ETW is the most pervasive telemetry source. The kernel can be configured to capture stack traces alongside events. When a syscall event fires, the kernel walks the stack and attaches the trace to the ETW event record. EDRs consume these events from both kernel-mode and user-mode providers:

C// EDR kernel driver enabling stack traces for syscall events
// EVENT_ENABLE_PROPERTY_STACK_TRACE causes the kernel to walk the
// stack at event capture time and embed it in the ETW record
EVENT_TRACE_PROPERTIES props;
props.EnableFlags = EVENT_TRACE_FLAG_SYSTEMCALL;
// The stack trace is captured by the kernel at the exact moment
// the syscall fires - this is hard to fake from usermode

Key Insight: Kernel-Captured Stacks

When the kernel captures a stack trace via ETW, it reads the actual RSP-based stack frames at that instant. This means any spoofing must be in place before the syscall executes, not after. The stack must look clean at the exact moment the kernel event fires. This is why simple post-call cleanup approaches fail.

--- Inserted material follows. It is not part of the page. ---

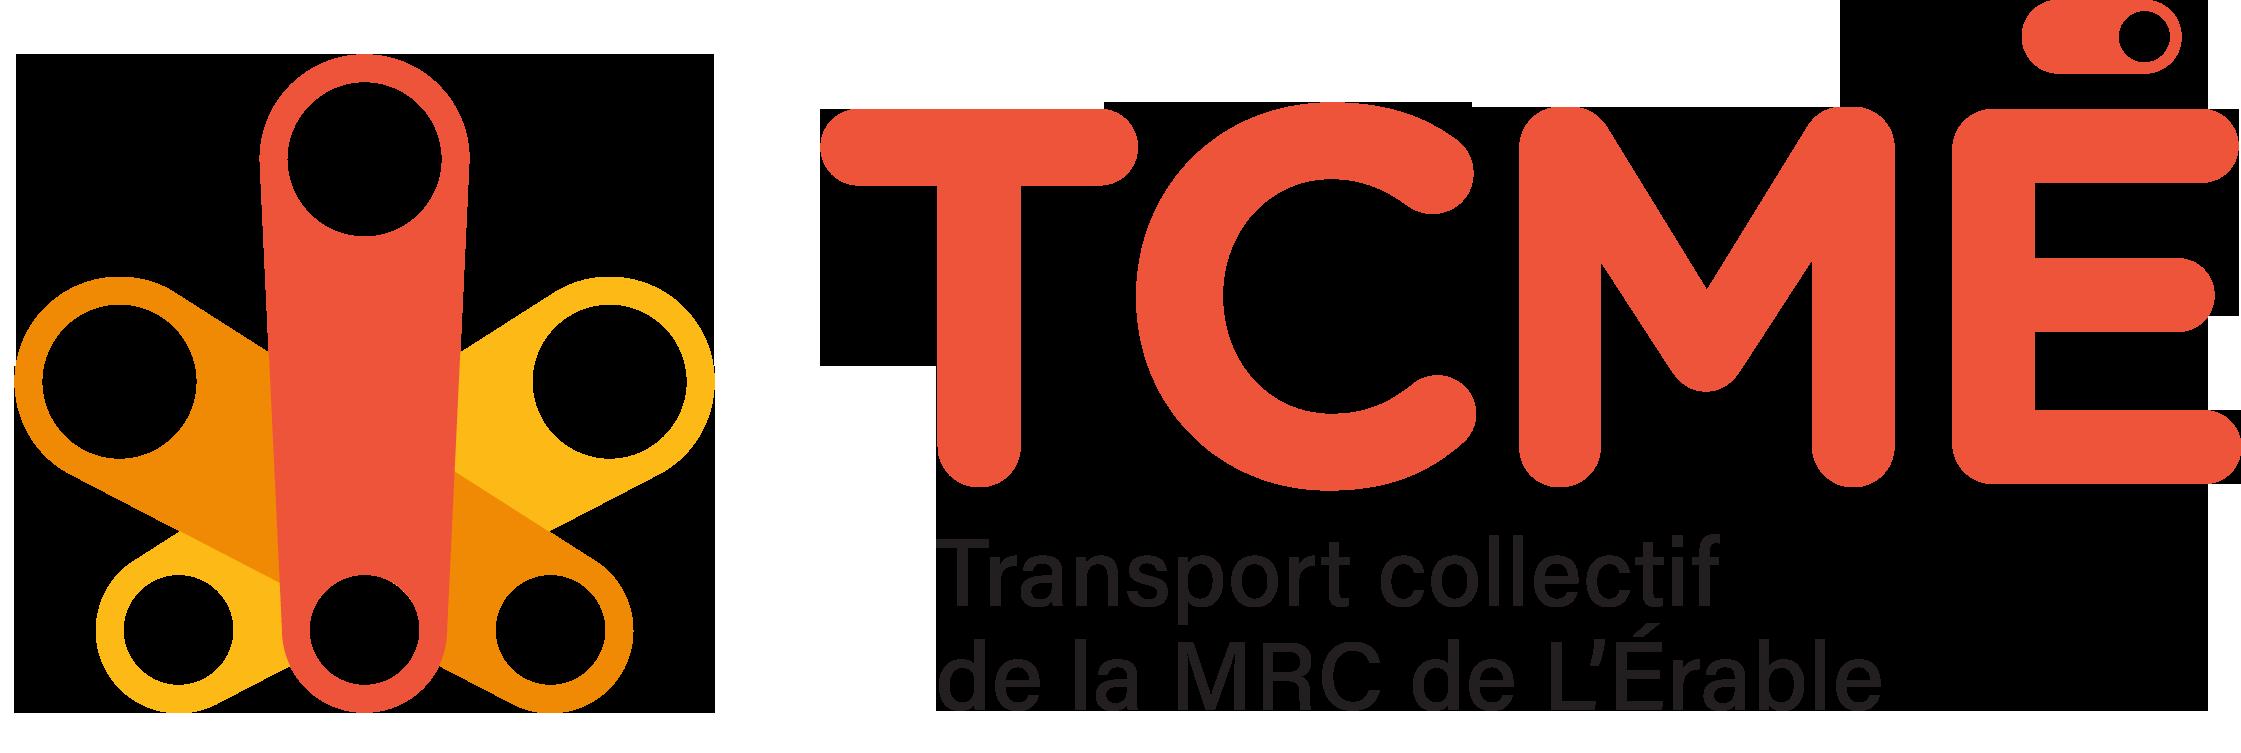 Transport collectif de la MRC de L'Érable
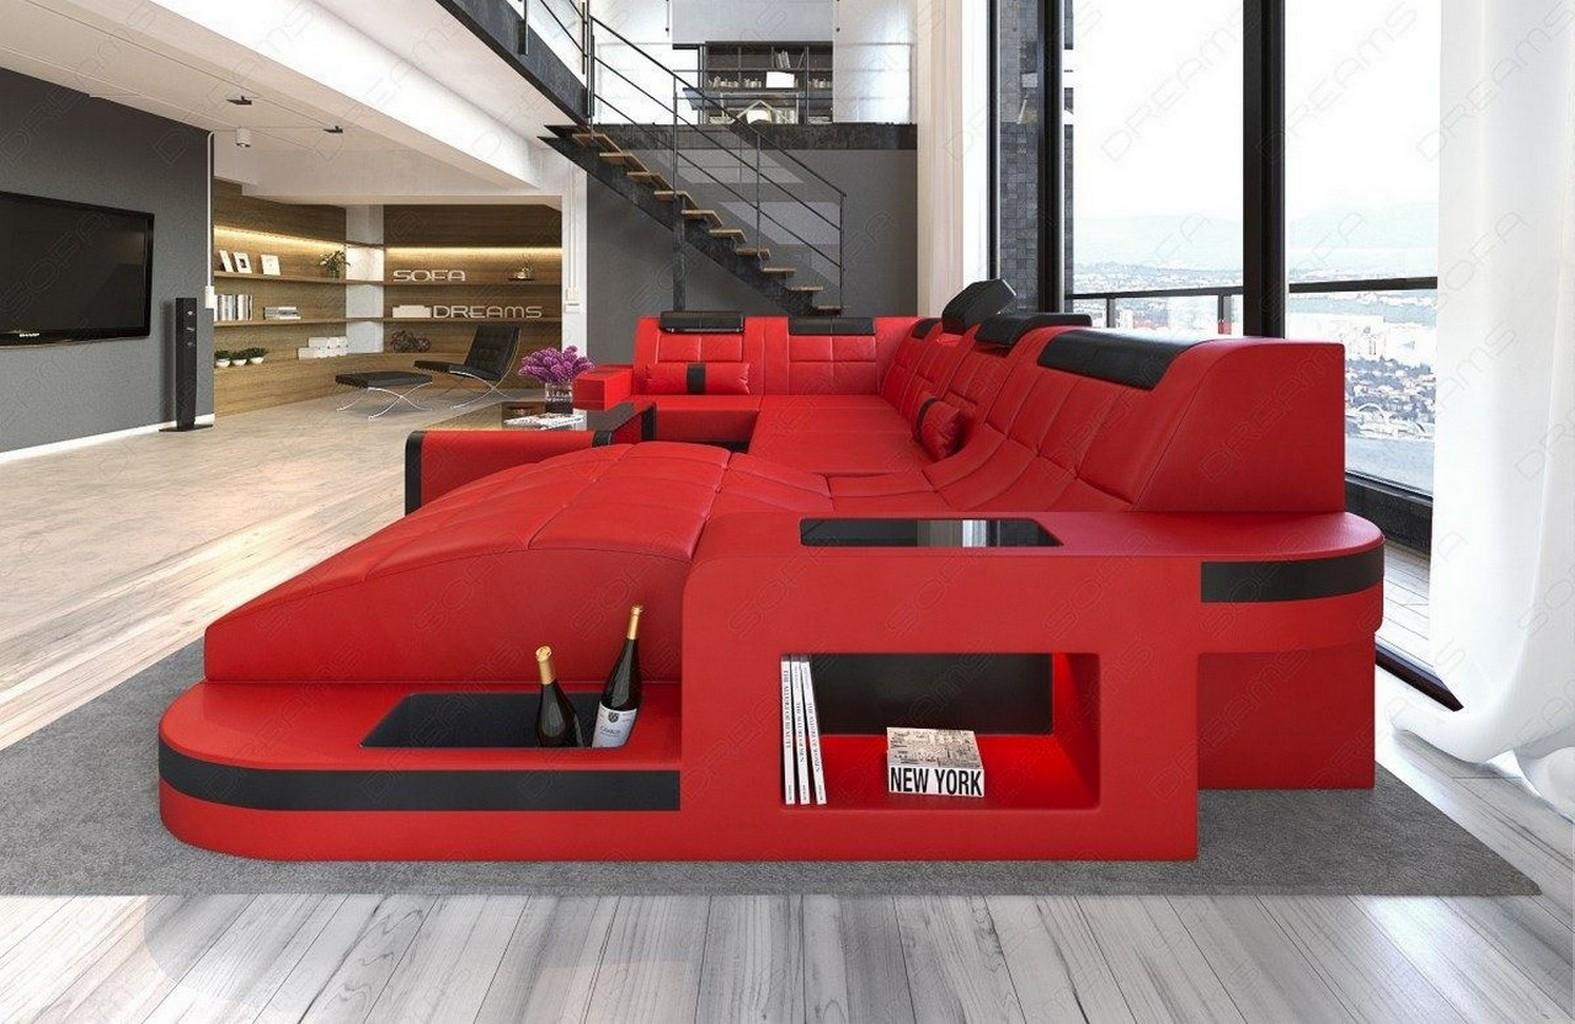 ledersofa wohnlandschaft wave u form couch garnitur led. Black Bedroom Furniture Sets. Home Design Ideas

3. RtlWalkFrameChain / RtlCaptureStackBackTrace

These are the primary user-mode APIs for stack walking. EDRs call them from hooks, callbacks, or dedicated scanning threads:

C// RtlCaptureStackBackTrace - captures return addresses from the stack
USHORT RtlCaptureStackBackTrace(
    ULONG  FramesToSkip,    // Skip N frames (usually 0-2 for the hook itself)
    ULONG  FramesToCapture,  // How many frames to collect
    PVOID  *BackTrace,       // Output array of return addresses
    PULONG BackTraceHash     // Optional hash of all addresses
);

// Example: EDR hook on NtAllocateVirtualMemory
NTSTATUS Hook_NtAllocateVirtualMemory(...) {
    PVOID stack[64];
    USHORT frames = RtlCaptureStackBackTrace(0, 64, stack, NULL);

    // Check each return address
    for (USHORT i = 0; i < frames; i++) {
        if (!IsAddressInKnownModule(stack[i])) {
            // ALERT: return address points to unbacked memory!
            LogSuspiciousStack(stack, frames);
        }
    }
    // Forward to real syscall
    return Original_NtAllocateVirtualMemory(...);
}

4. Inline Hooking with Stack Inspection

Many EDRs place inline hooks (detours) on sensitive functions like NtAllocateVirtualMemory, NtProtectVirtualMemory, and NtWriteVirtualMemory. Inside the hook handler, the EDR captures the current call stack and analyzes it. If any return address points to suspicious memory, the call is flagged or blocked.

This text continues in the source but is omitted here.